We've improved the performance a lot with this small change,
going from 160Gflops to over 420Gflops.

But we can do better!


#### Tiling

Instead of a single vector, we can use multiple vectors.

```
function generateTiledMatrixMultiplicationKernel(M, N, K) {
  return `[numthreads(8, 8, 1)]
        compute void main(device float4[] A : register(u0),
                          device float4[] B : register(u1),
                          device float4[] C : register(u2),
                          float3 threadID : SV_DispatchThreadID) {
            uint m = uint(threadID.x);
            uint n = uint(threadID.y);
            uint c_idx = (n + m * ${N/4}) * 4;

            float4 result0 = float4(0.0, 0.0, 0.0, 0.0);
            float4 result1 = float4(0.0, 0.0, 0.0, 0.0);
            float4 result2 = float4(0.0, 0.0, 0.0, 0.0);
            float4 result3 = float4(0.0, 0.0, 0.0, 0.0);
            for (uint k = 0; k < ${K}; k++) {
                uint a_idx = k + m * ${K};
                float4 a = A[a_idx];
                float4 a_x = float4(a.x, a.x, a.x, a.x);
                float4 a_y = float4(a.y, a.y, a.y, a.y);
                float4 a_z = float4(a.z, a.z, a.z, a.z);
                float4 a_w = float4(a.w, a.w, a.w, a.w);
                uint b_idx = n + k * ${N/4};
                float4 b = B[b_idx];
                result0 = mad(a_x, b, result0);
                result1 = mad(a_y, b, result1);
                result2 = mad(a_z, b, result2);
                result3 = mad(a_w, b, result3);
            }
            C[c_idx + 0] = result0;
            C[c_idx + 1] = result1;
            C[c_idx + 2] = result2;
            C[c_idx + 3] = result3;
        }`
}
```

That brings us to around 680Gflops!

#### More to go

There's more we can do, such as increasing the tile size and unrolling the
reduction loop.  I'll leave these optimizations as an exercise to the reader.

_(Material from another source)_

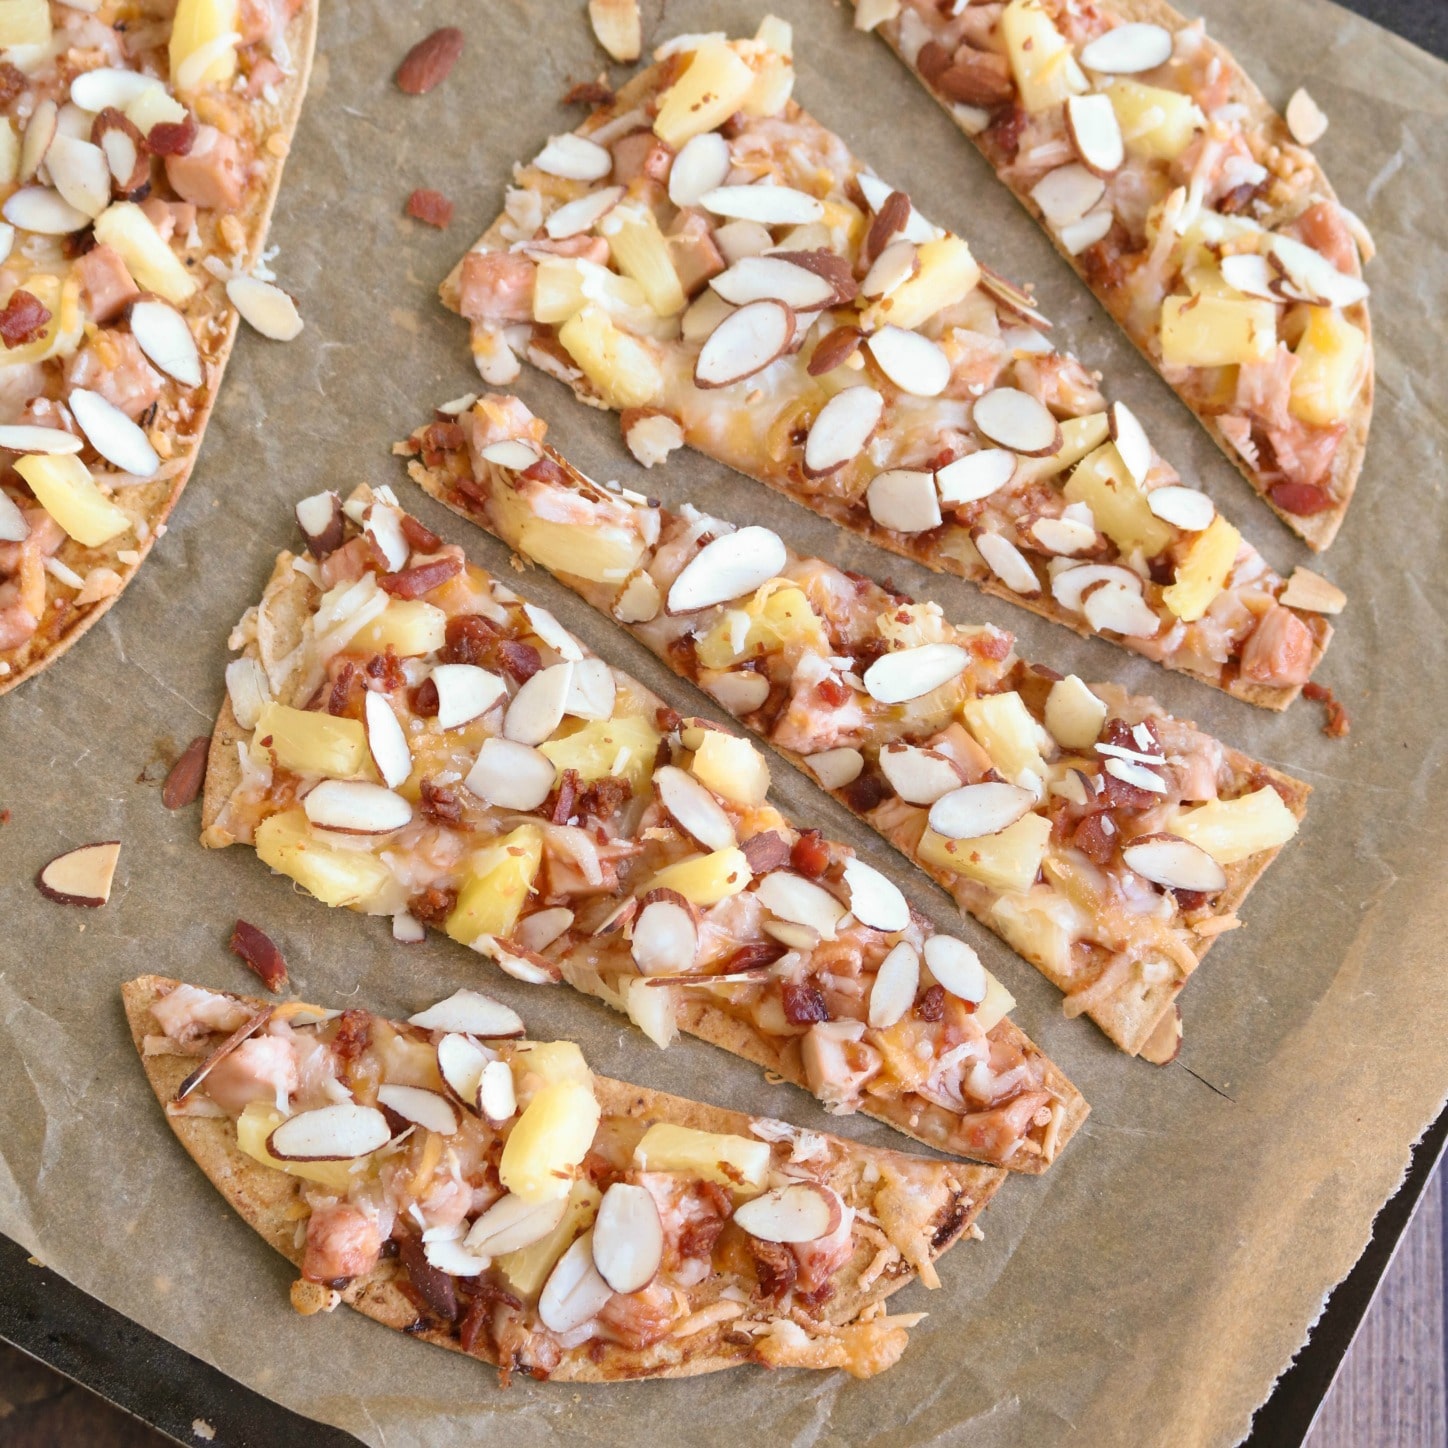 This Sweet and Sour Chicken Flatbread Pizza is so many awesome things in one! It’s like your favorite Chinese sweet and sour chicken met up with a BBQ chicken pizza … all on top of a crispy flatbread crust! Bonus: it’s ready in way under 30 minutes! | www.TwoHealthyKitchens.com

These types of improvements might also be well handled by generating the
source instead of hand-tuning it.
In fact, there exist compilers,
[like TVM](https://tvm.apache.org/2020/05/14/compiling-machine-learning-to-webassembly-and-webgpu),
that can tune all of this stuff for us and have been hitting performance
much closer to native code.

It's great that the web is starting to adopt native GPU support
and it's also really pleasant to be able to quickly hit good performance.